- **Information supplied**
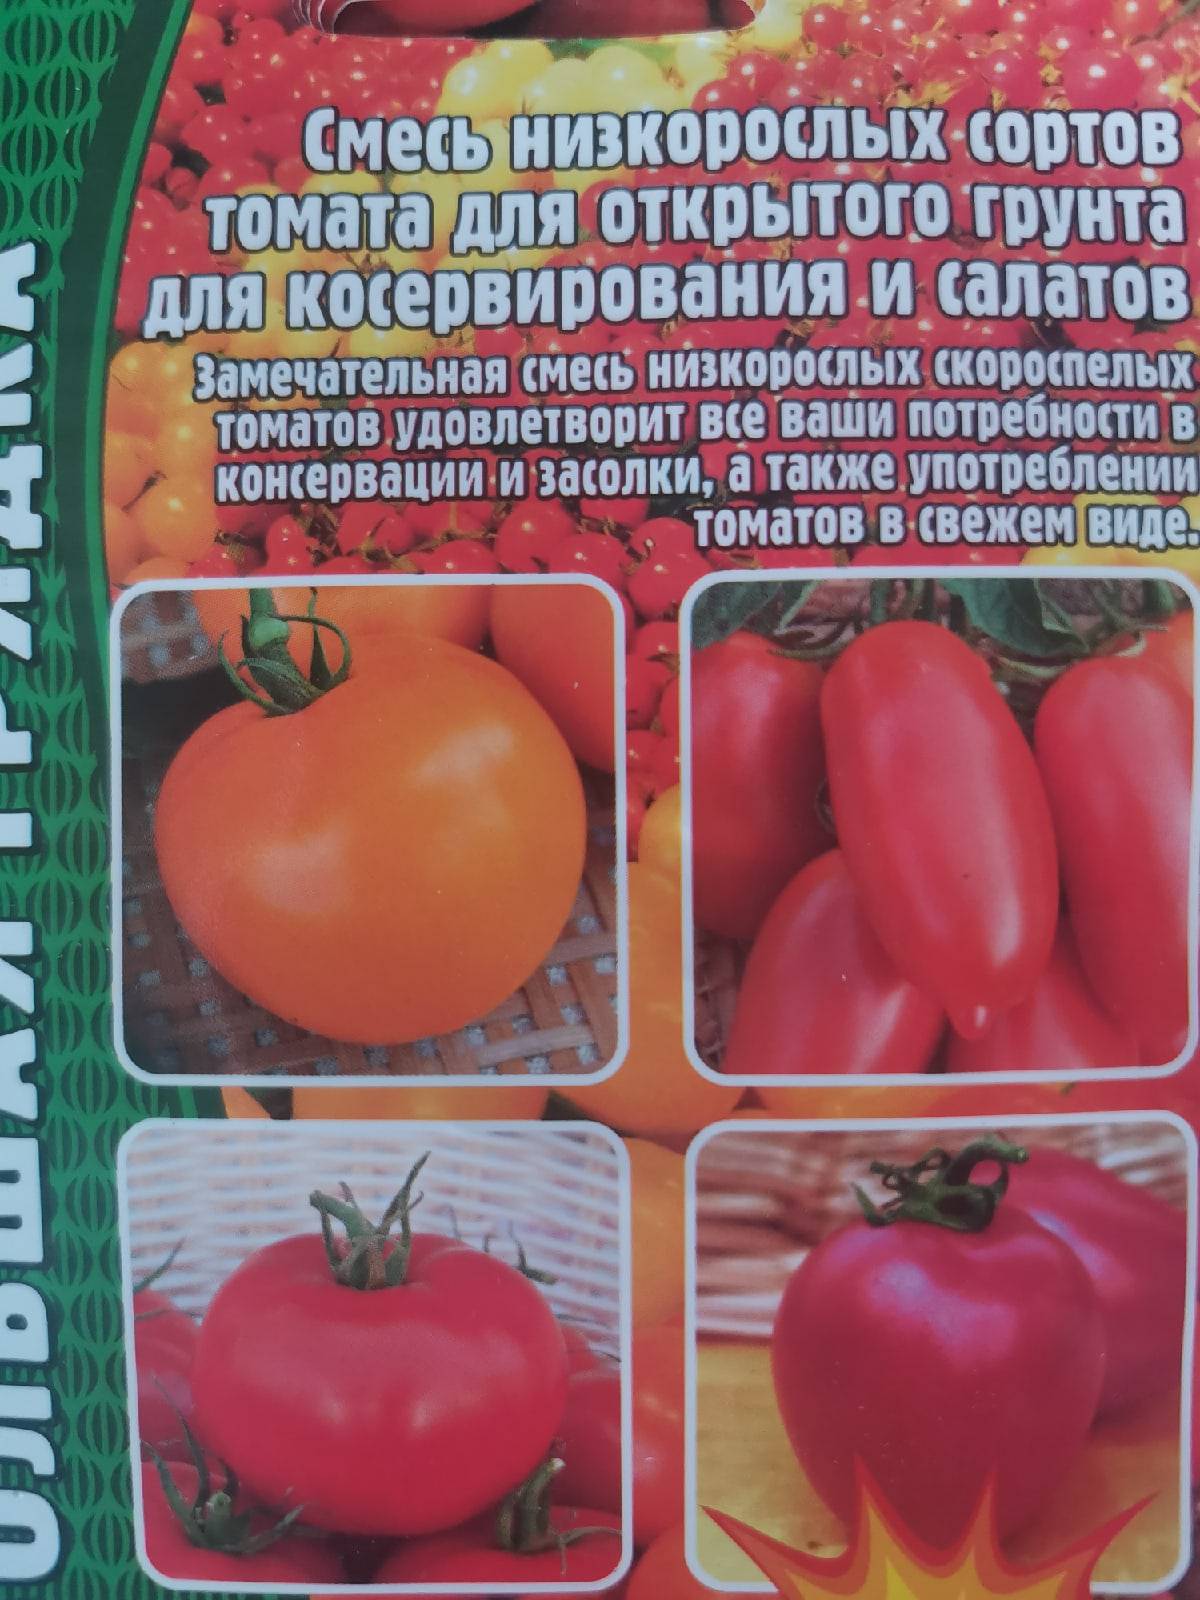 Обзор популярных сортов помидоров для теплиц: фото и характеристики
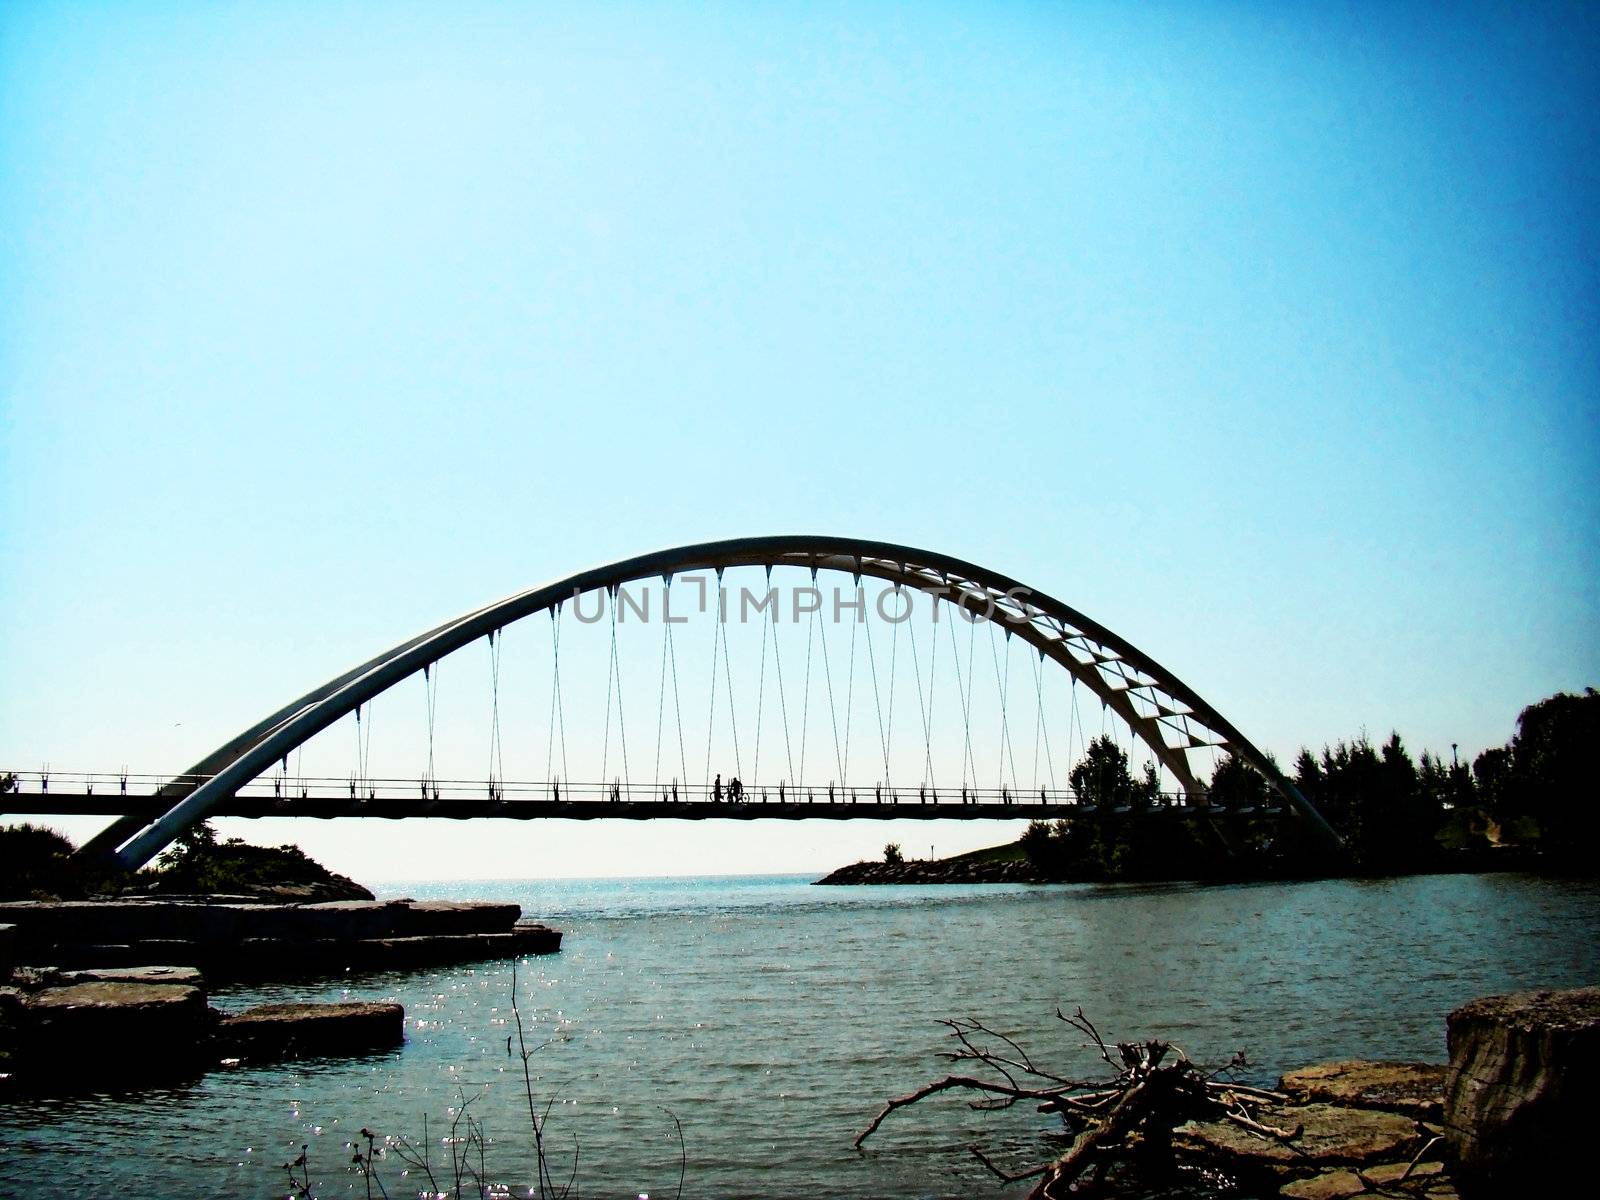 large span pedestrain bridge spans part of Lake Ontario
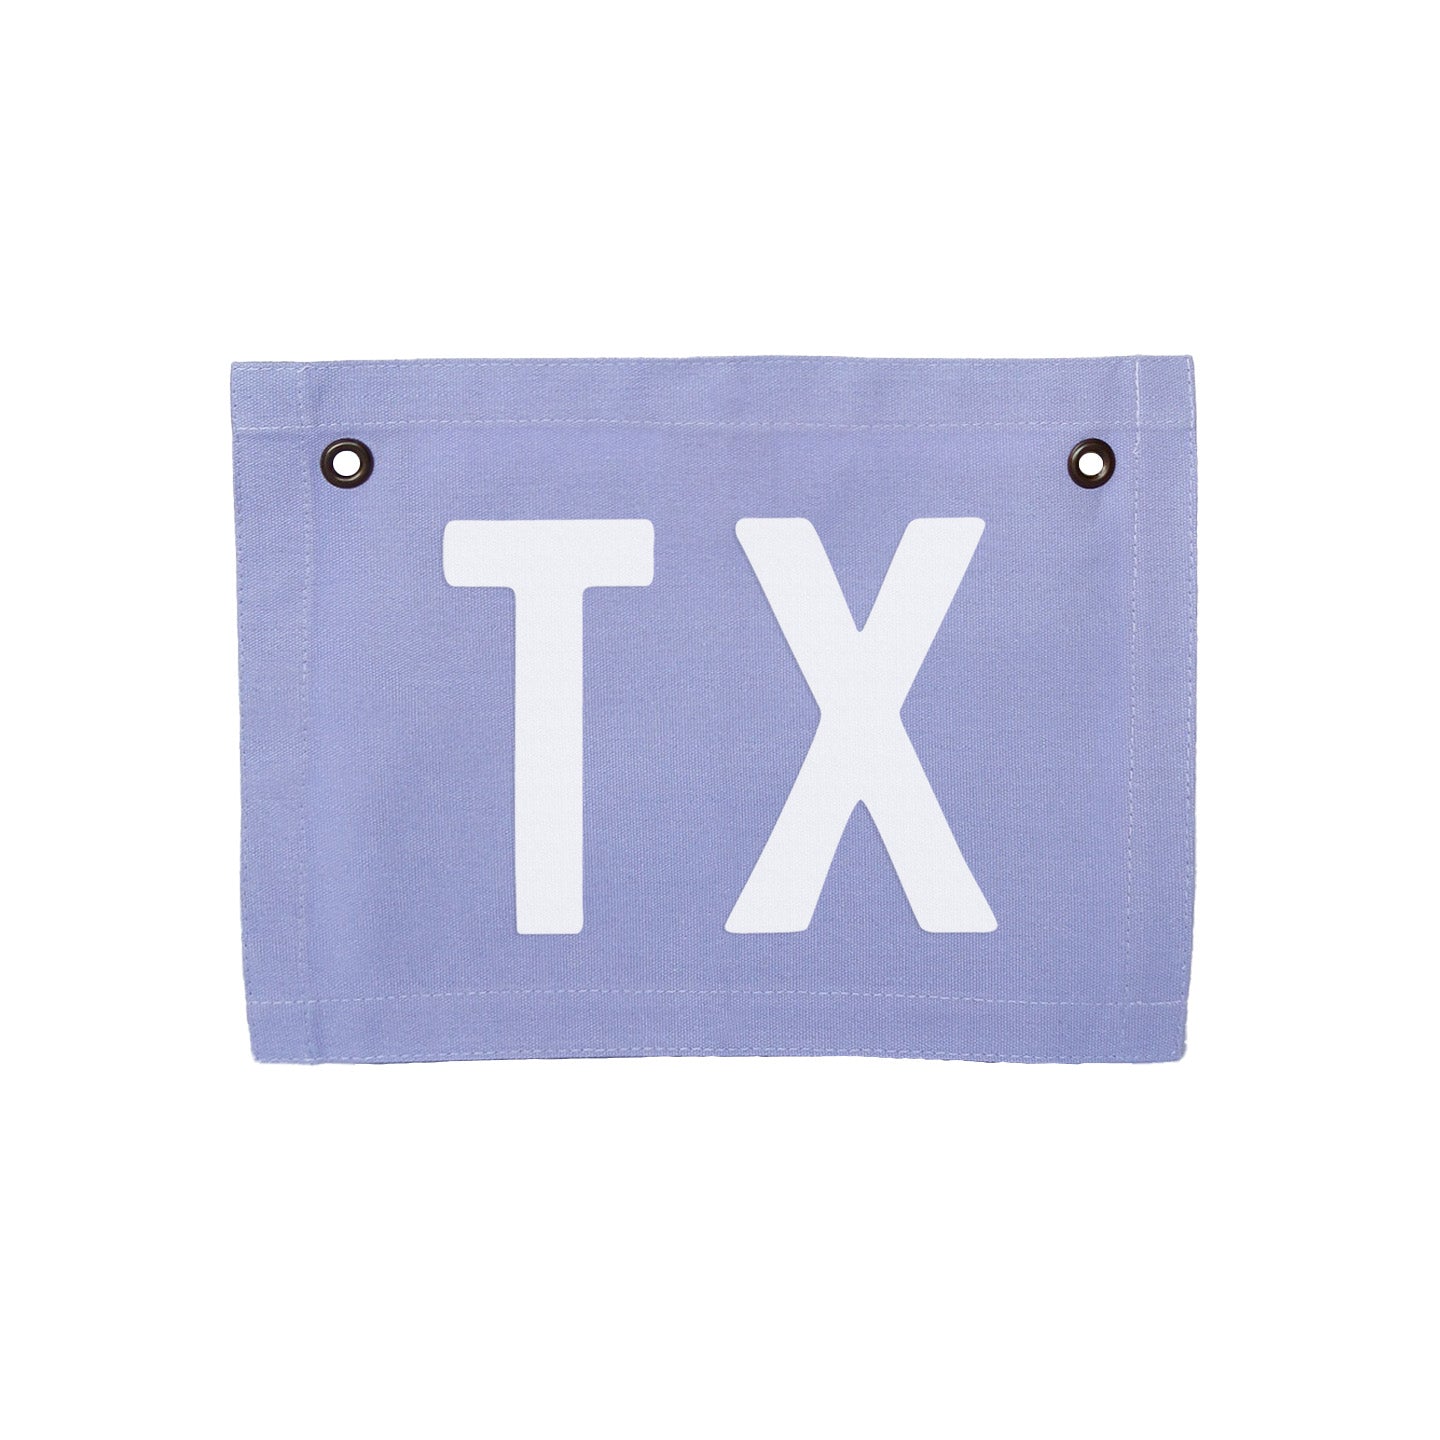 TX Small Canvas Flag

- **Description of the task**
Reproduce the listing exactly, but omit every picture in it.

- **Response**
 Обзор популярных сортов помидоров для теплиц: фото и характеристики
 large span pedestrain bridge spans part of Lake Ontario
 TX Small Canvas Flag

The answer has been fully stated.